* About this exercise:
Everything in the data gets repeated exactly, except for the pictures.

* Data block:
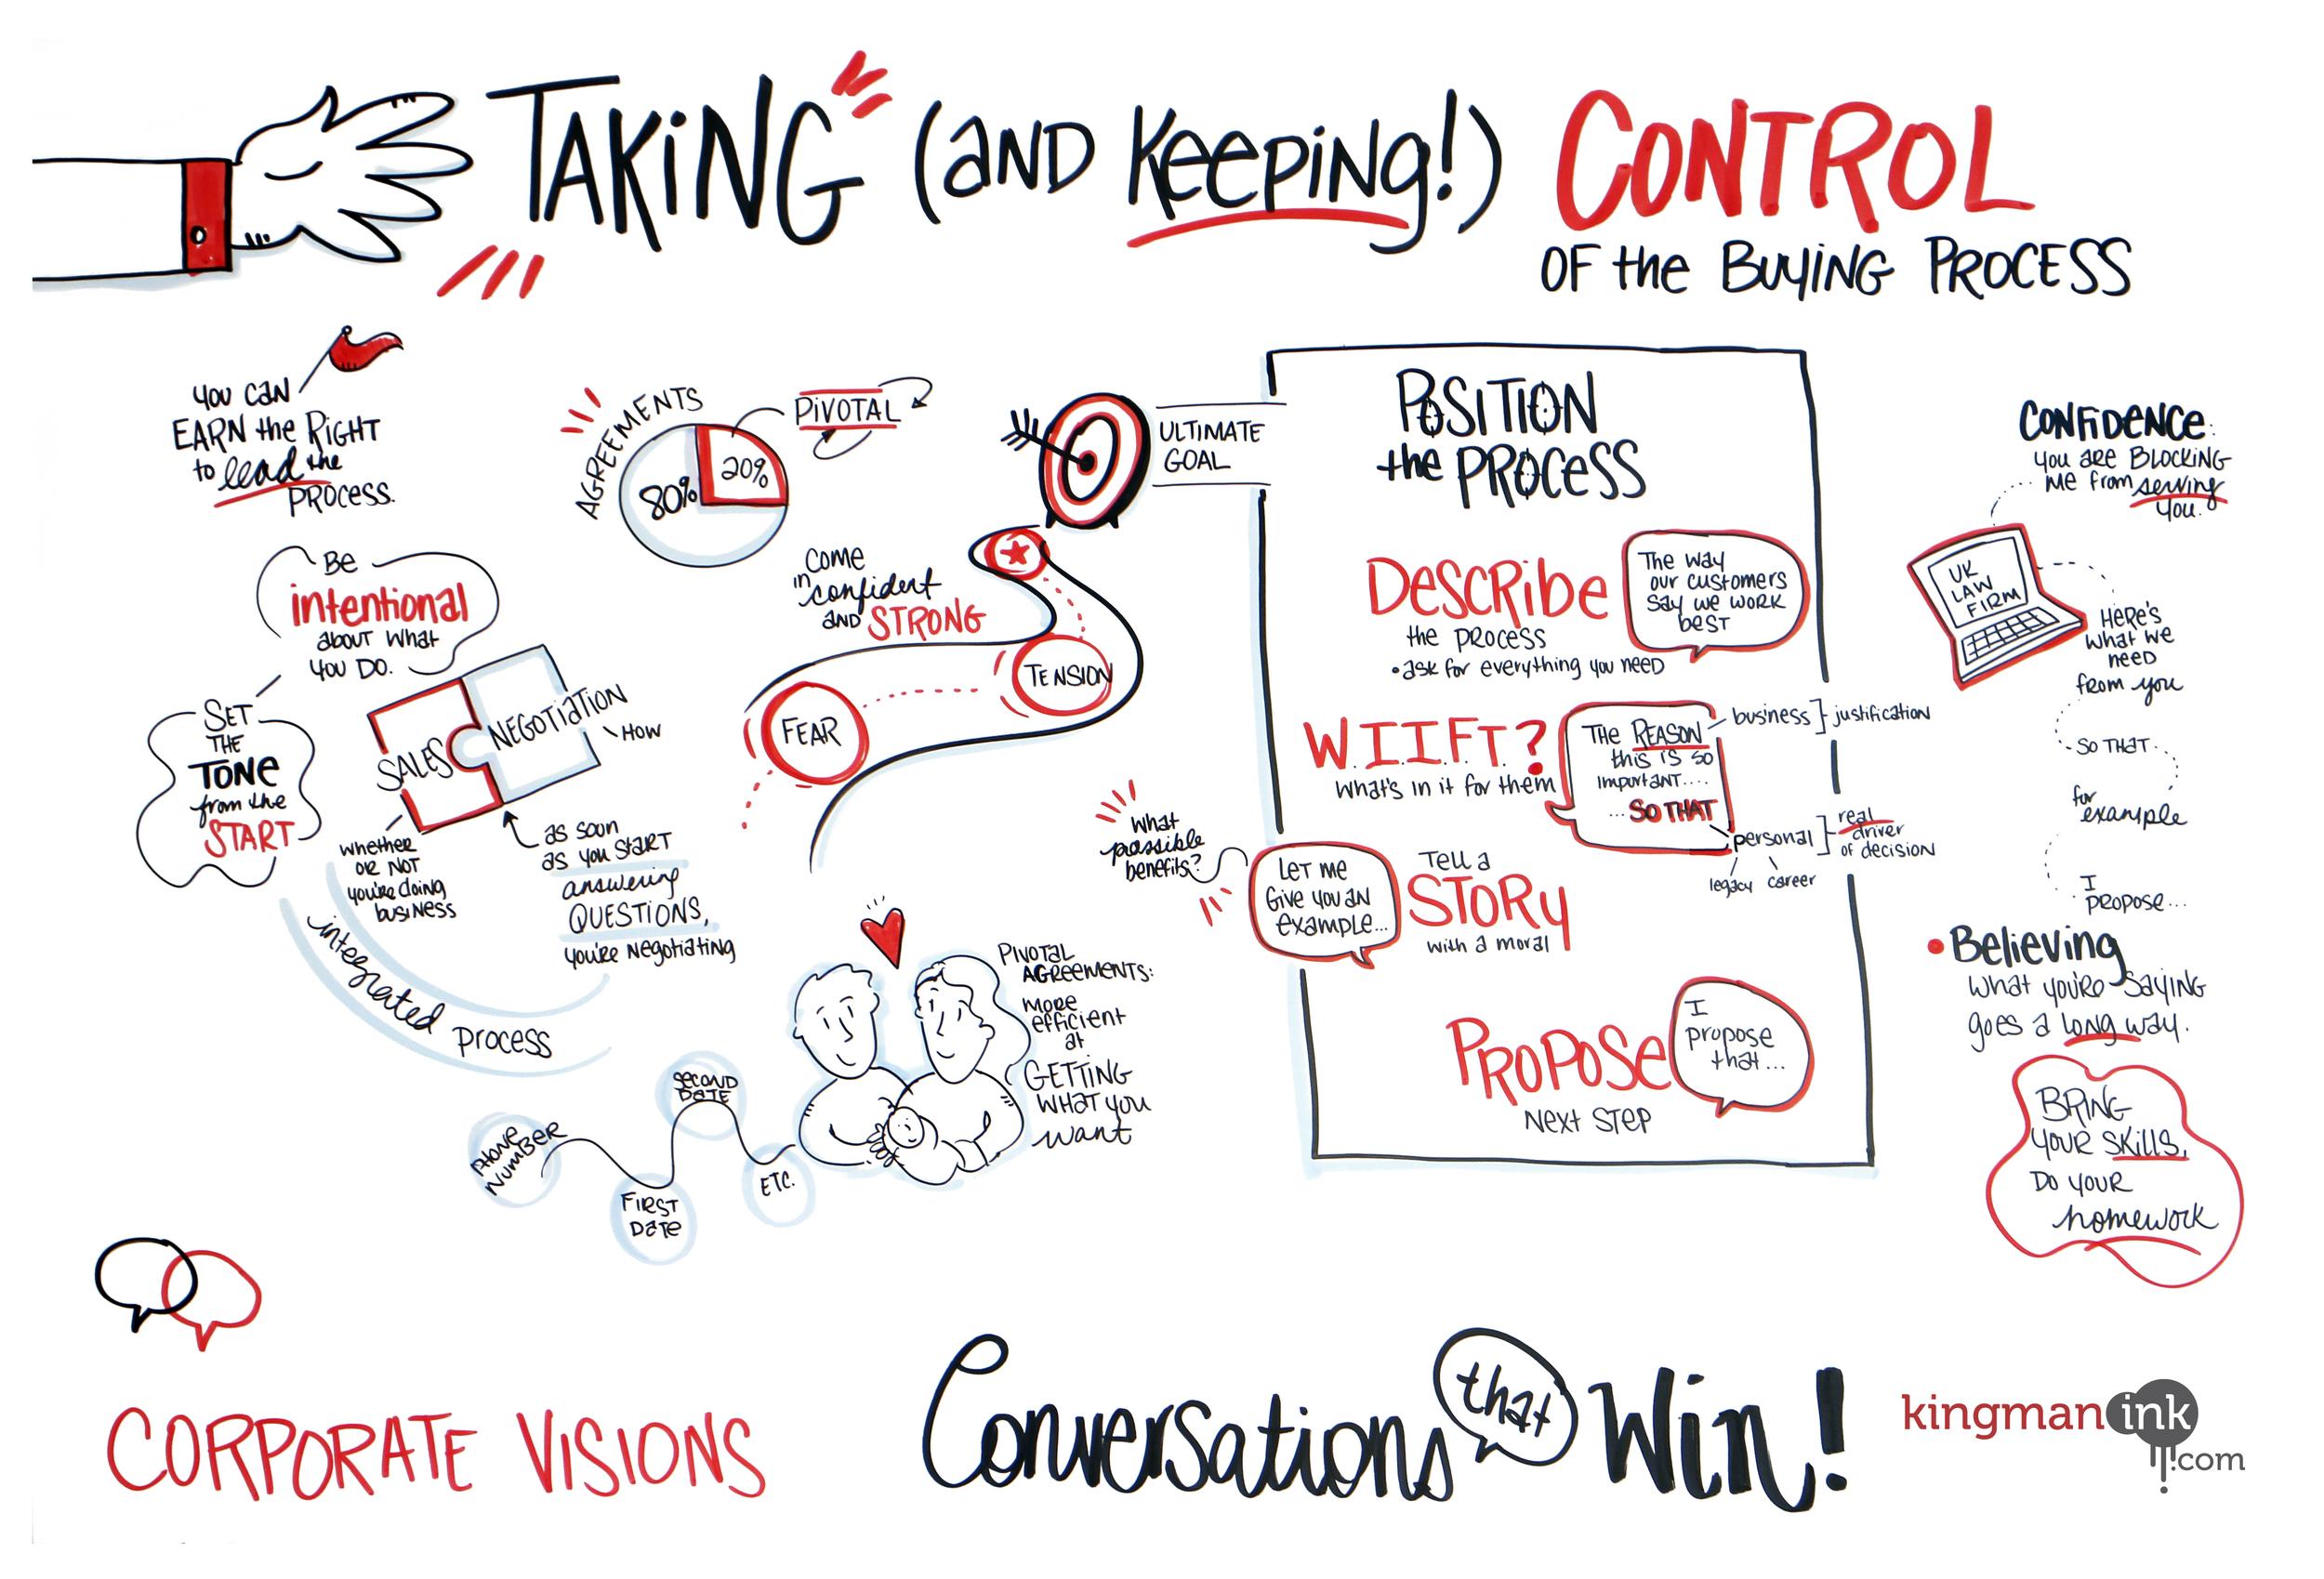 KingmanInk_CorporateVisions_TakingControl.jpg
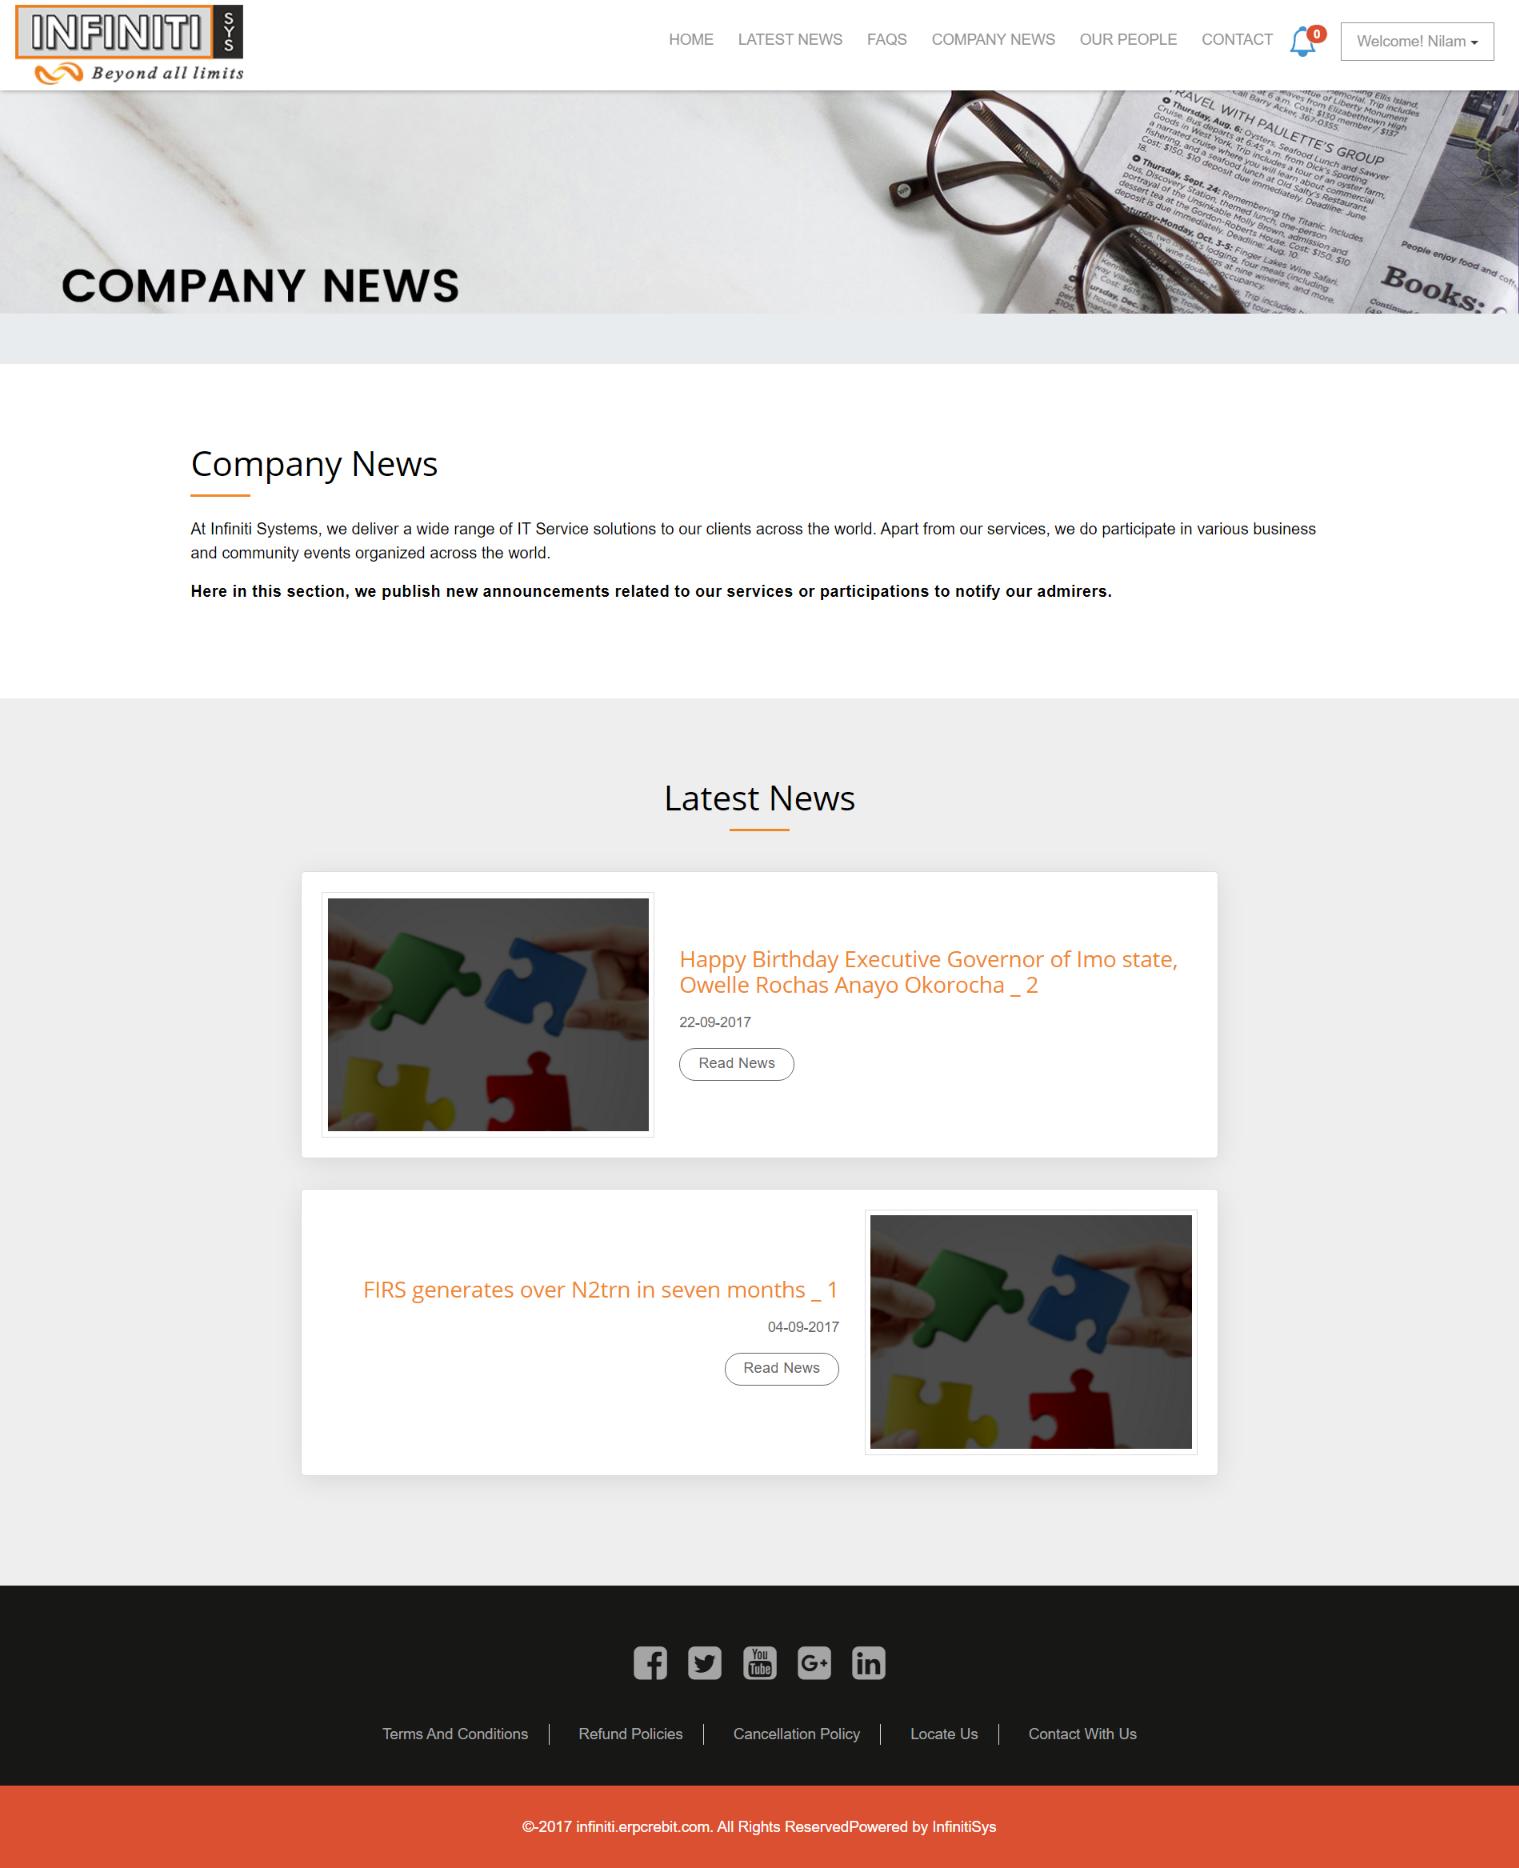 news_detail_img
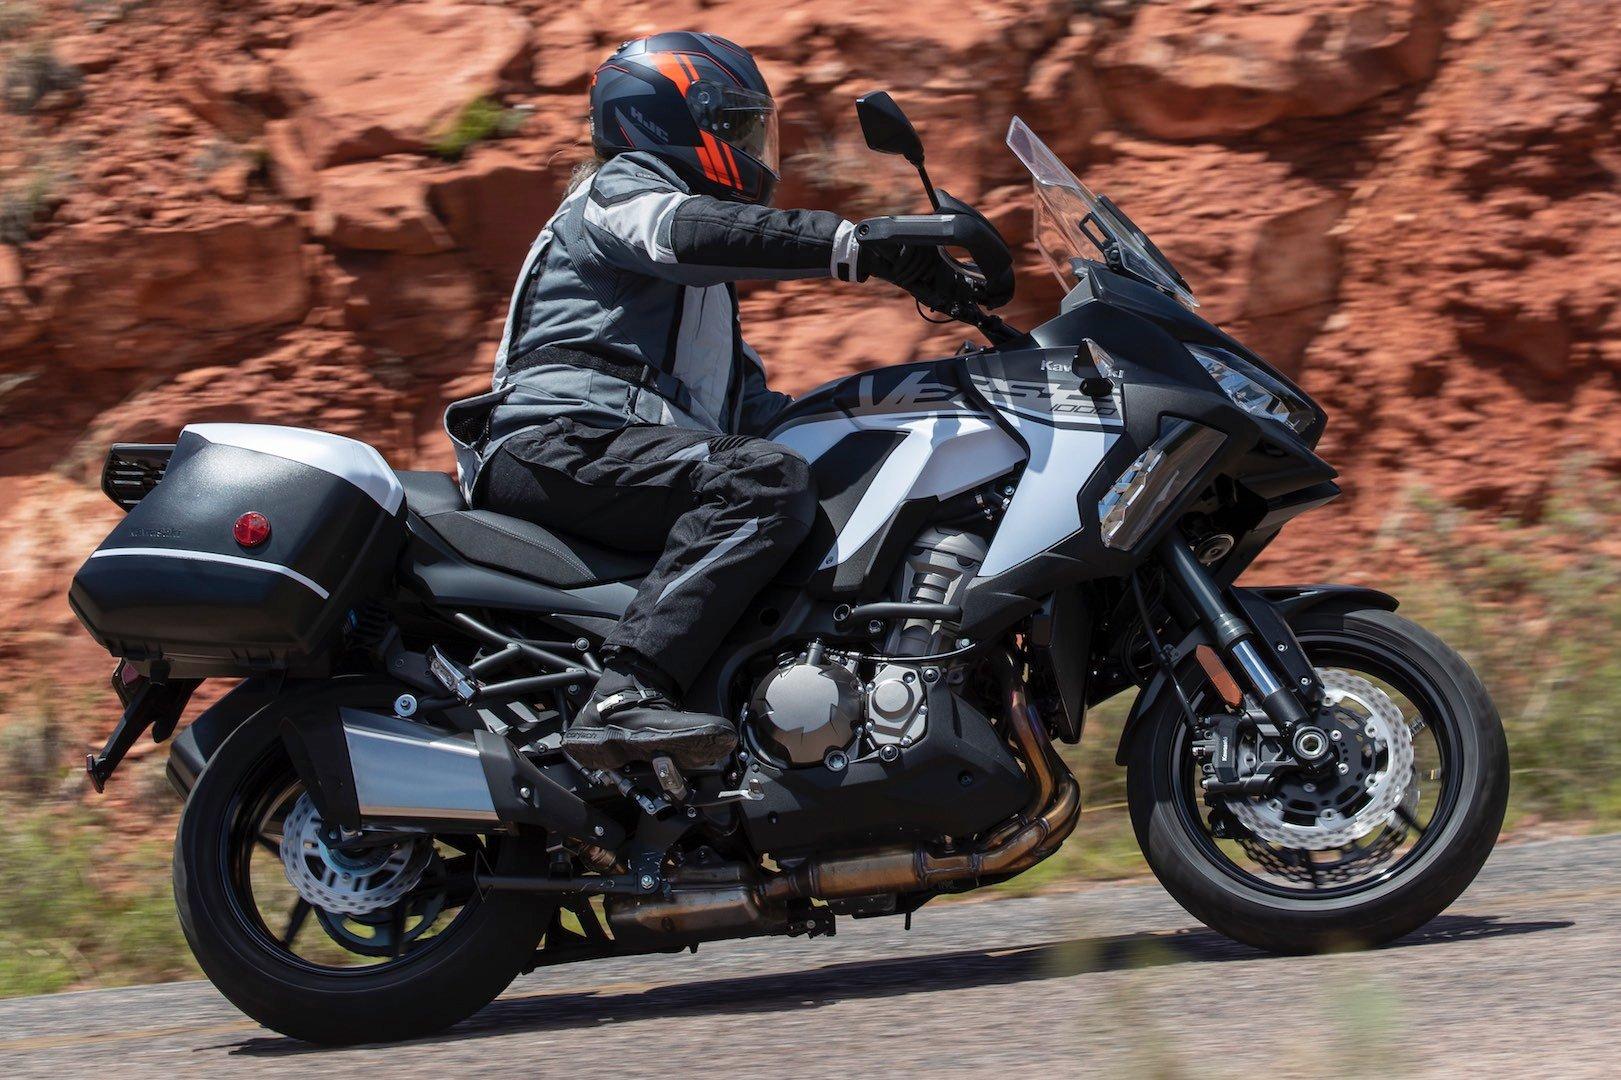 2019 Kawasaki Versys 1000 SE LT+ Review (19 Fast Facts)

* Task response:
 KingmanInk_CorporateVisions_TakingControl.jpg
 news_detail_img
 2019 Kawasaki Versys 1000 SE LT+ Review (19 Fast Facts)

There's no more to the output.